Since the Korean War, the
North has never abandoned its goal of communizing the entire Korean Peninsula.
Pyongyang will welcome the transfer of wartime operational command from
Washington to Seoul, which scheduled for April 17, 2012. Fortunately, the U.S.
and South Korea are discussing a delay. [Plans are to give Seoul control of its own forces in case of war. Since
the end of the Korean War, this has been the domain of the United States military].
The South Korea-U.S. alliance
is based on the operational command that former President Rhee Syng-man transferred
to General Douglas MacArthur shortly after the war broke out in July 1950; the
South Korea-U.S. Mutual Defense Treaty signed in October 1953; and the South
Korea-U.S. Combined Forces Command established by former President Park Chung-hee. The
concept of a U.S.-dependent defense is likely to change after 2020. South Korea
is facing the huge challenges of national defense, preparation for a sudden
change in North Korea, and reunification.
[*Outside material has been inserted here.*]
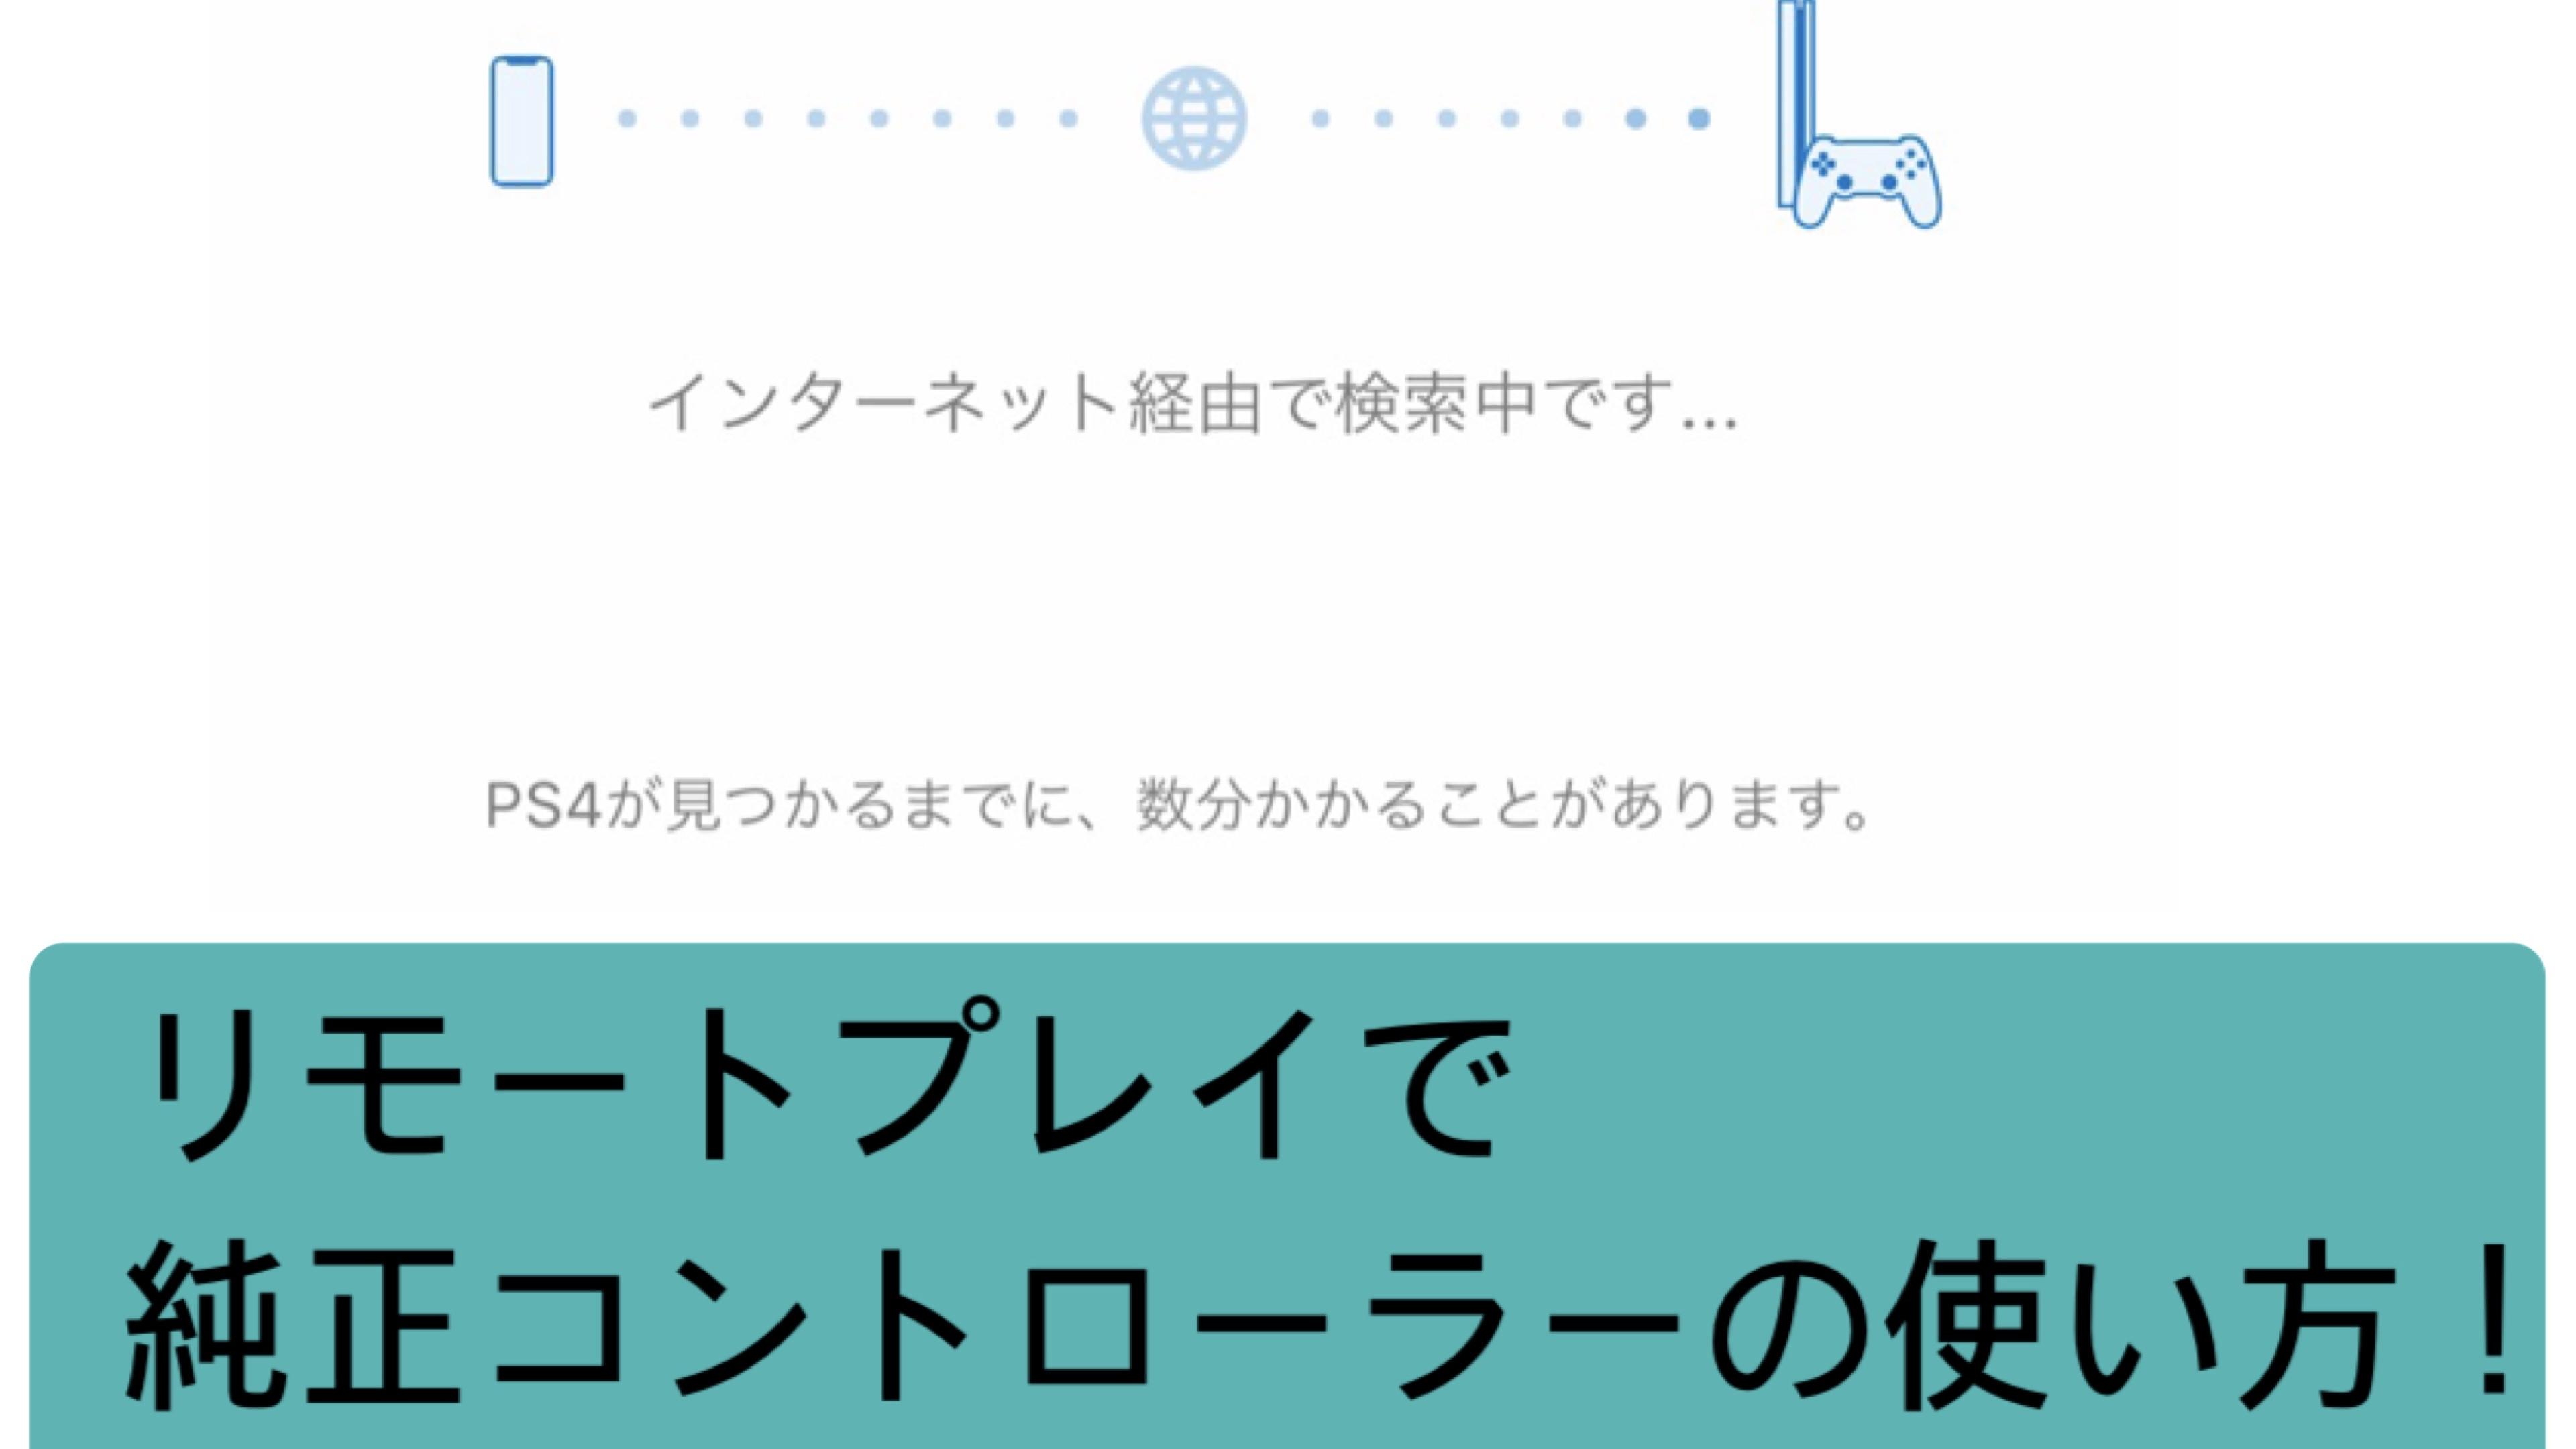 【iPhone/iPad】PS4リモートプレイで純正コントローラーの遊び方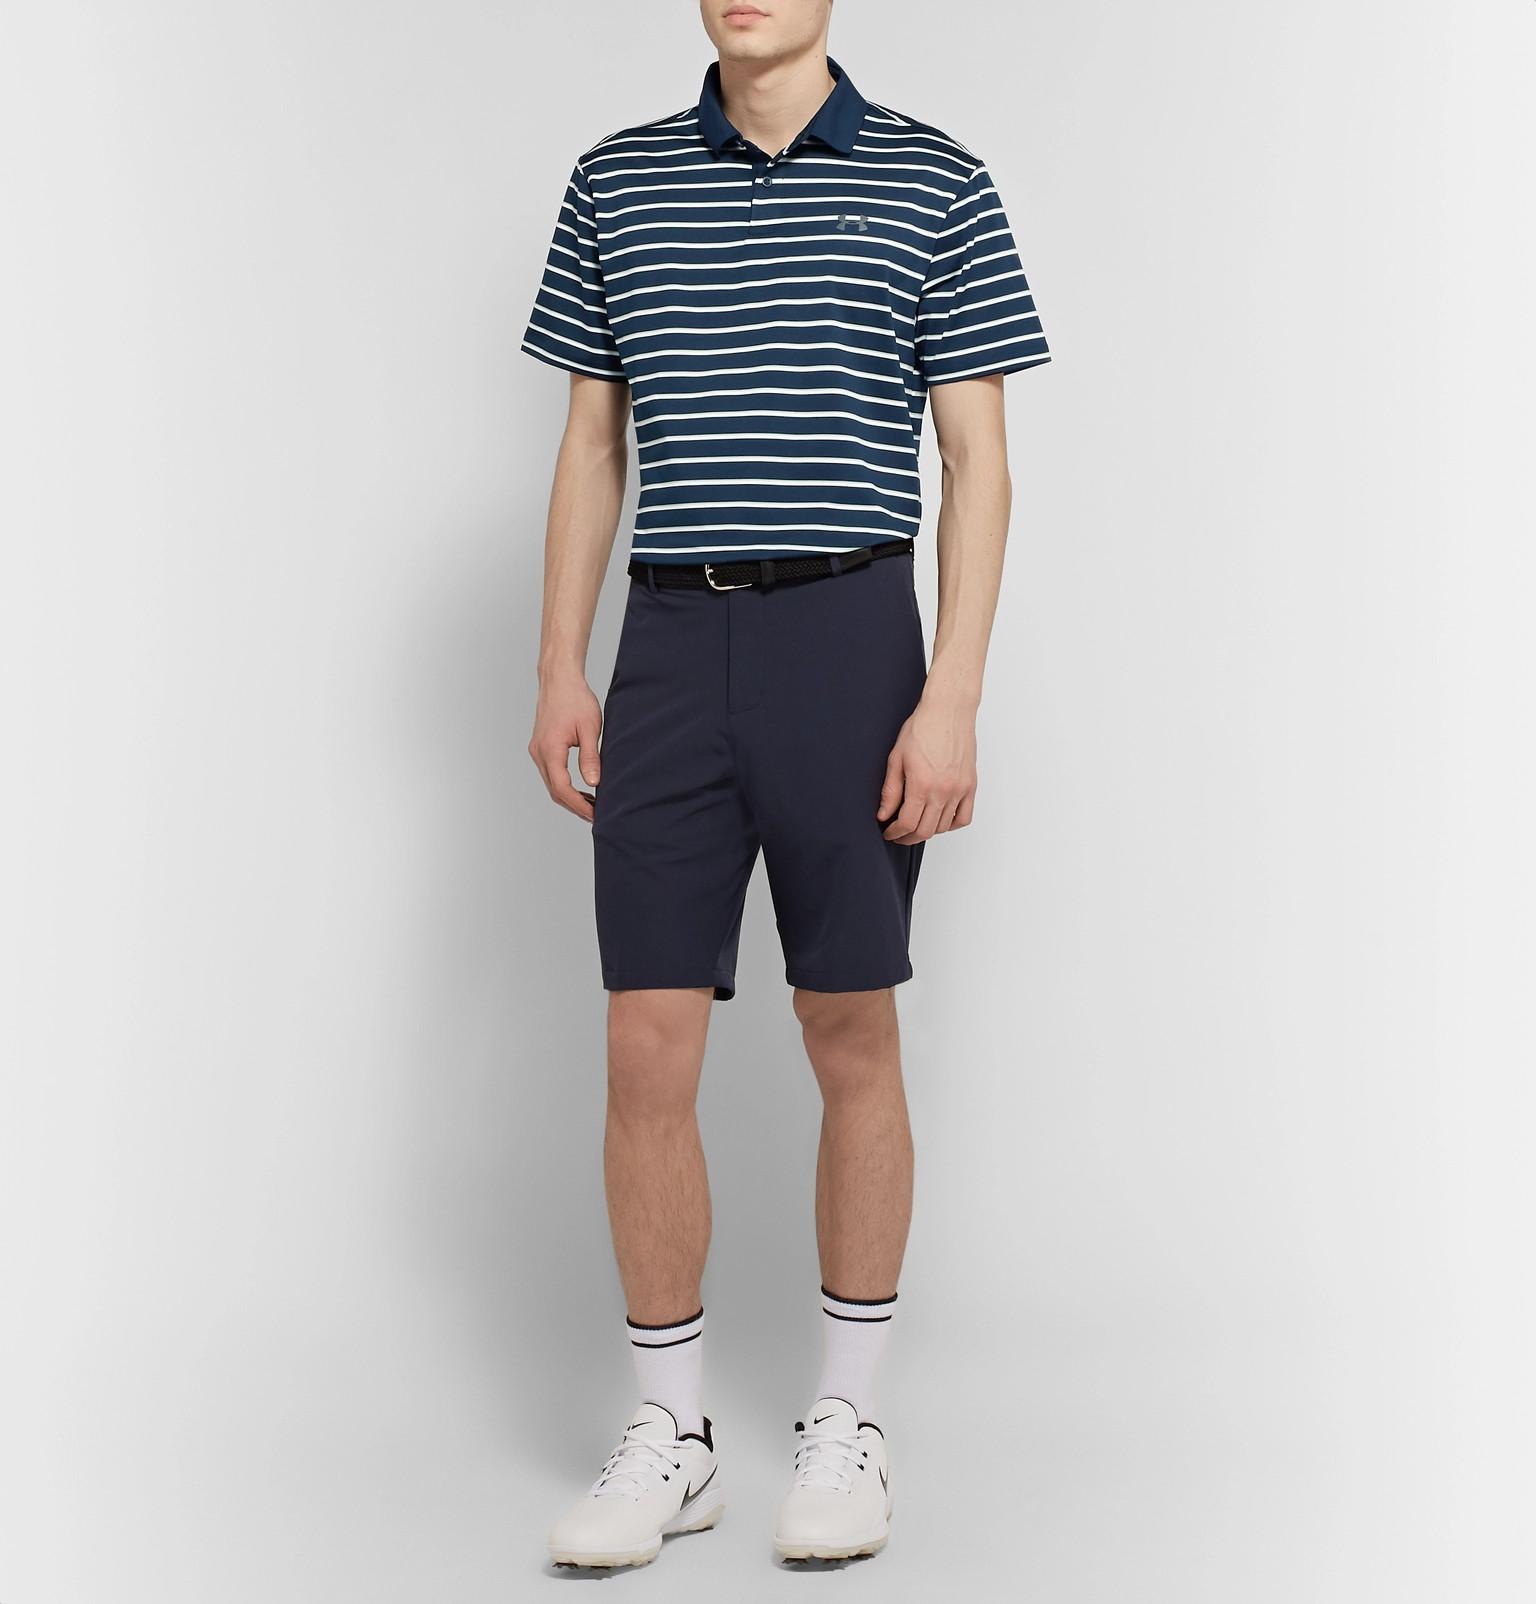 68c9b69a9a Under Armour - Performance Striped HeatGear Golf Polo Shirt

The Korean War was a battle
to protect free democracy. The Korean Peninsula should be reunified based on
free and open democracy and the market economy rather than the communism that
the North sought to impose through invasion. South Korean leftists have
recently stressed peace in dealing with North Korea. But they have replaced the
slogan “within the same nation” with "peace," because [given the
condition of North Korea], the former no longer appeals to people. No one would
refuse peace, but without a strong and prepared national defense, peace cannot
be maintained.
Seoul and the rest of our people
must do what's is necessary to live up to the noble sacrifice of the Korean
War's fallen and continue to care for the wounded and their families. In
addition, the South should never give up the fight to win the return of over
500 South Korean POWs still believed to be in North Korea. The Republic of
Korea’s mission is to end the Kim Jong-il dictatorship that starves its people
to death and threatens peace on the Korean Peninsula and the world, and to reunify
the Korean Peninsula.
Time can heal wounds and dampen
the memory of painful events. South Koreans, however, mustn't allow the Korean
War to vanish from memory at a time that North Korea continues to develop
nuclear weapons and launch military provocations.